Up until that point, I'd done most programming in C++, so you can imagine how
much fun Python was, in comparison. After further development and discovery of
other programming languages, the shortcomings of Python have become obnoxious,
much like torturing someone by dripping water on their forehead incessantly.
Part of the problem is that I have to use Python for my professional work now.
Using a language for your day job is a sure way to reveal all the issues.
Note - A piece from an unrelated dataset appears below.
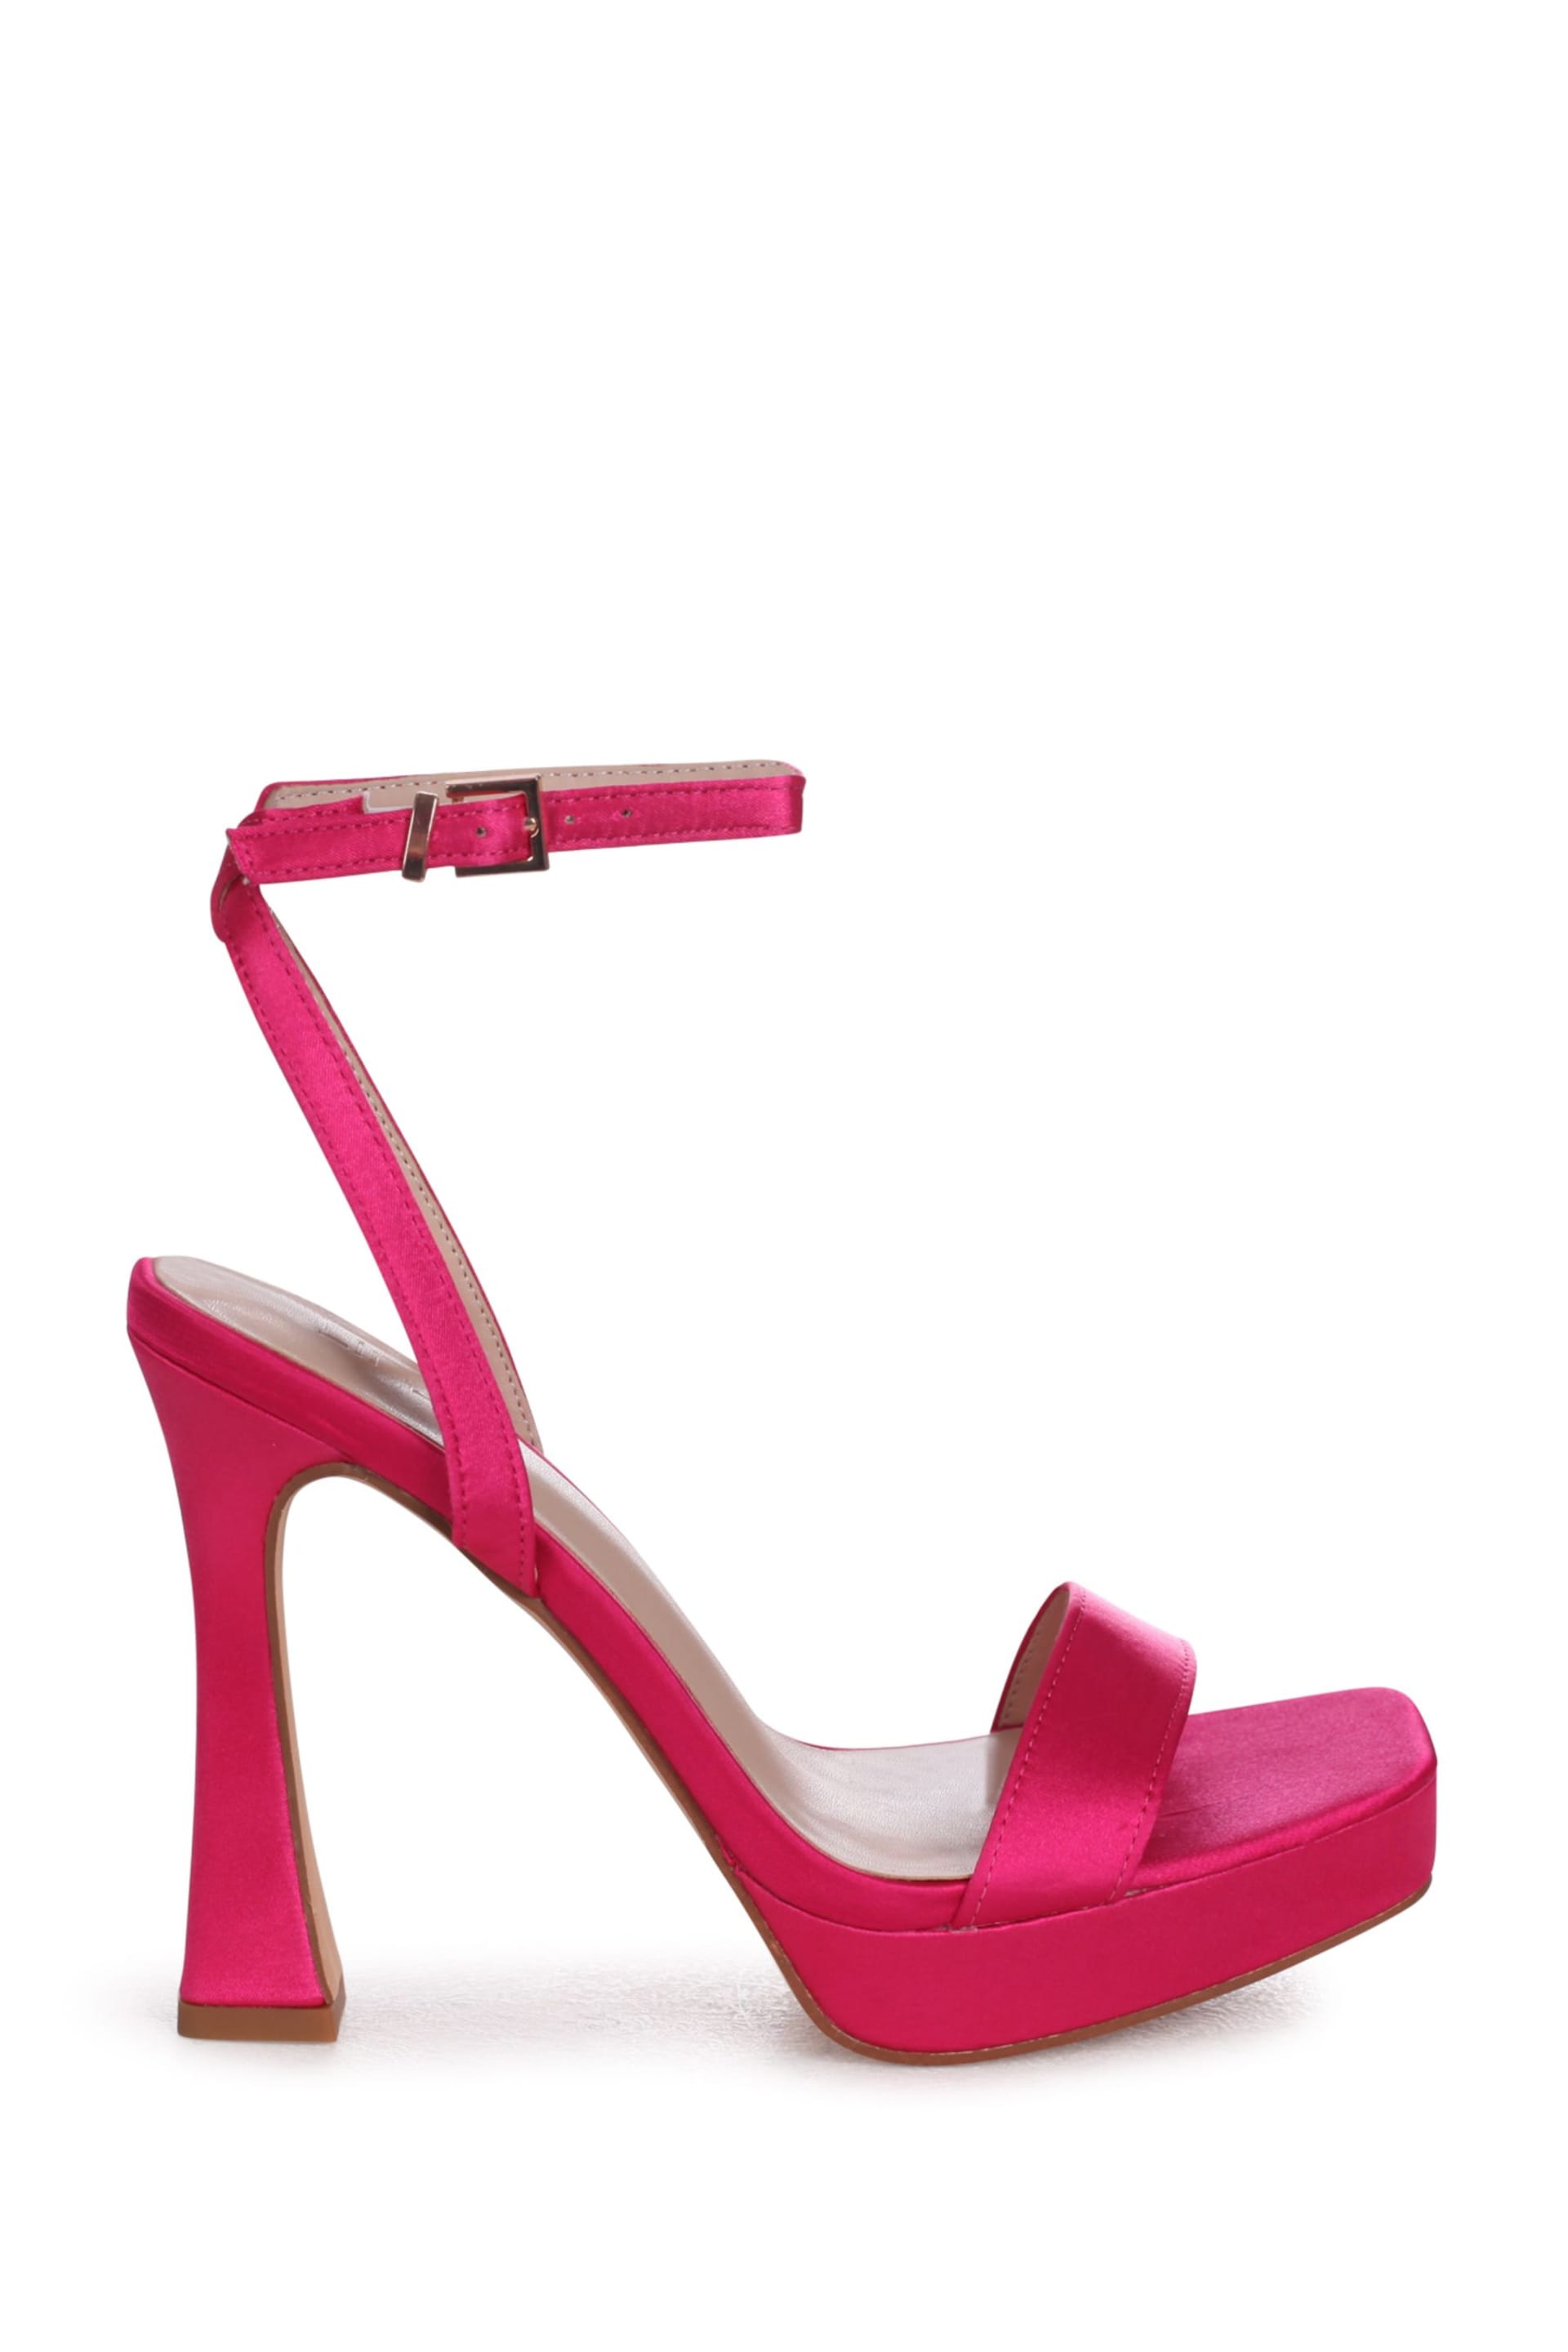 Linzi Pink Haisley Platform Heeled Sandals With Square Toe - Image 1 of 1
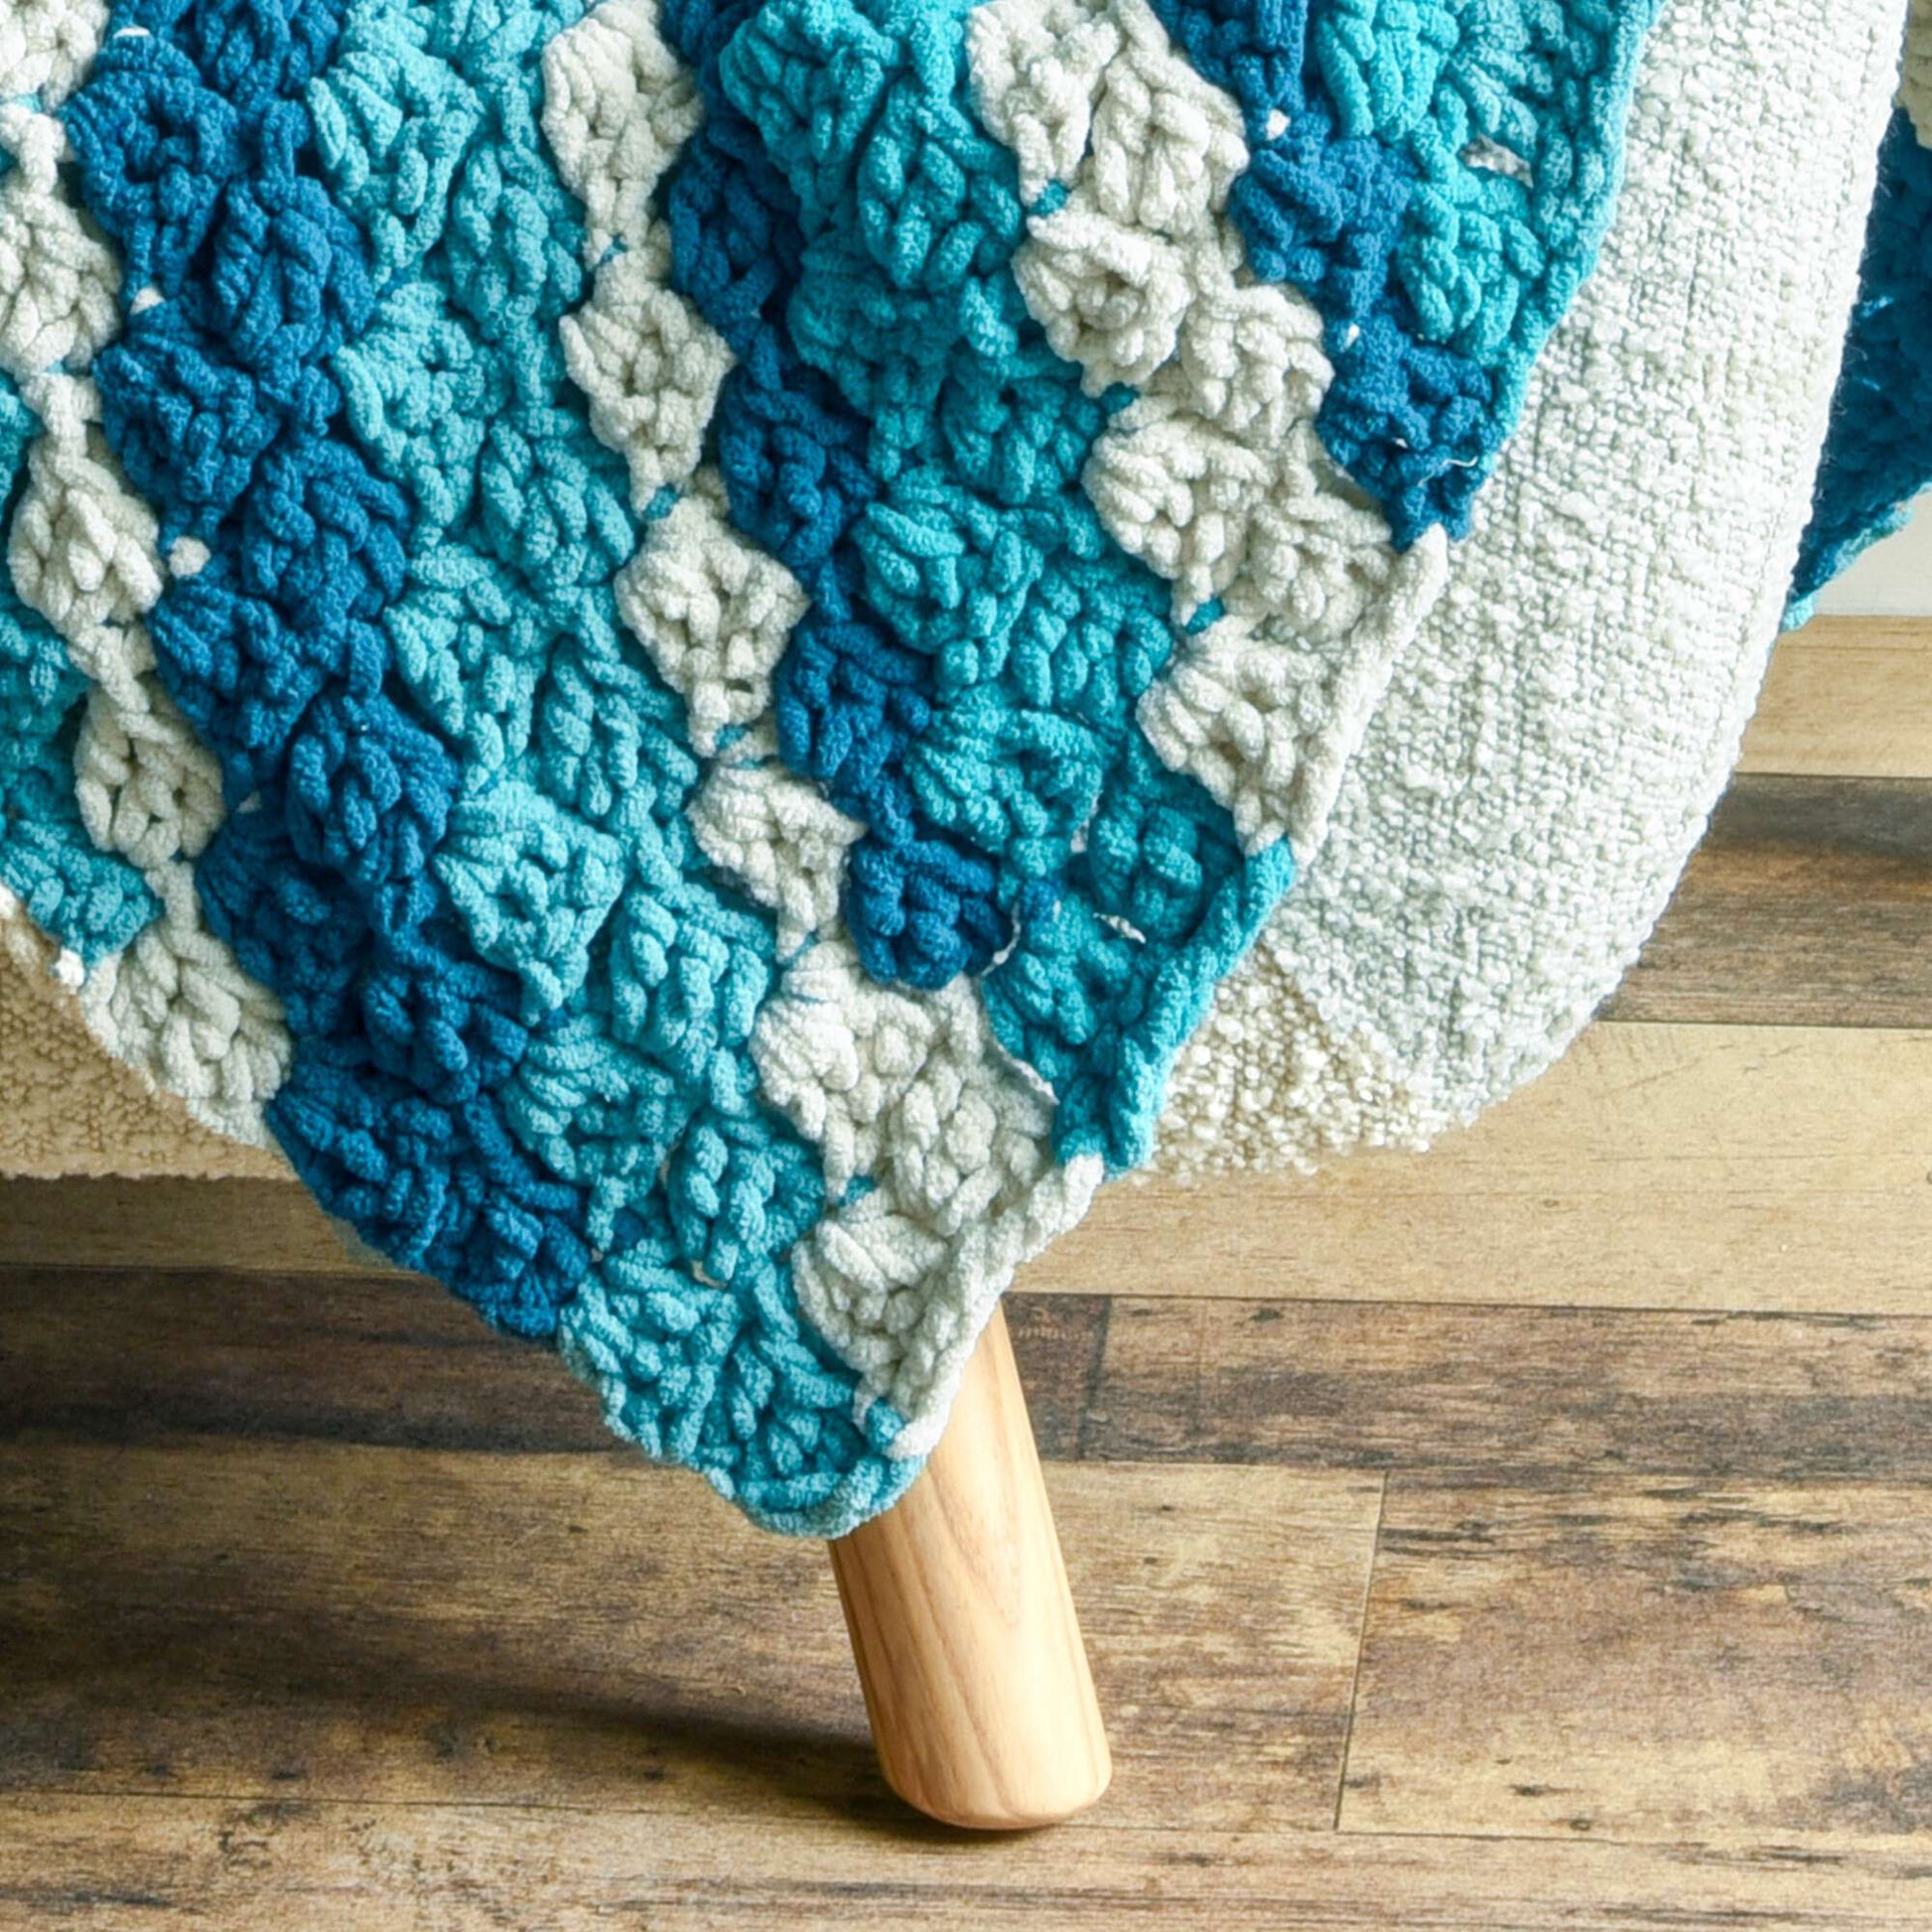 Bernat Blanket Yarn Blanket Crochet Patterns - Easy Crochet Patterns  Crochet  blanket patterns bernat, Bernat baby blanket yarn, Crochet blanket pattern  easy

Here's what rubs me raw day-in and day-out:

1\. Lack of immutable/persistent data structures. 2\. Lack of multi-line
anonymous functions/lambda. 3\. Variable scoping fail, causing hacks like the
new `nonlocal` keyword. 4\. worst_possible_variable_name_convention. 5\.
Python evangelism. (community issue, mostly) 6\. Hypocritical "explicit is
better" and "flat over nested" values with insane amounts of magic built into
language and class system. 7\. No switch. 8\. GIL. (Actually the CPython
runtime in general) 9\. No macros. 10\. the insane way "unicode" is supported.
11\. and on and on...

At this point I write Python code, but not generally by choice. Mostly my
coworkers can't even imagine writing code in another language, given that we
have been allowed to choose our implementation language(s) as a team.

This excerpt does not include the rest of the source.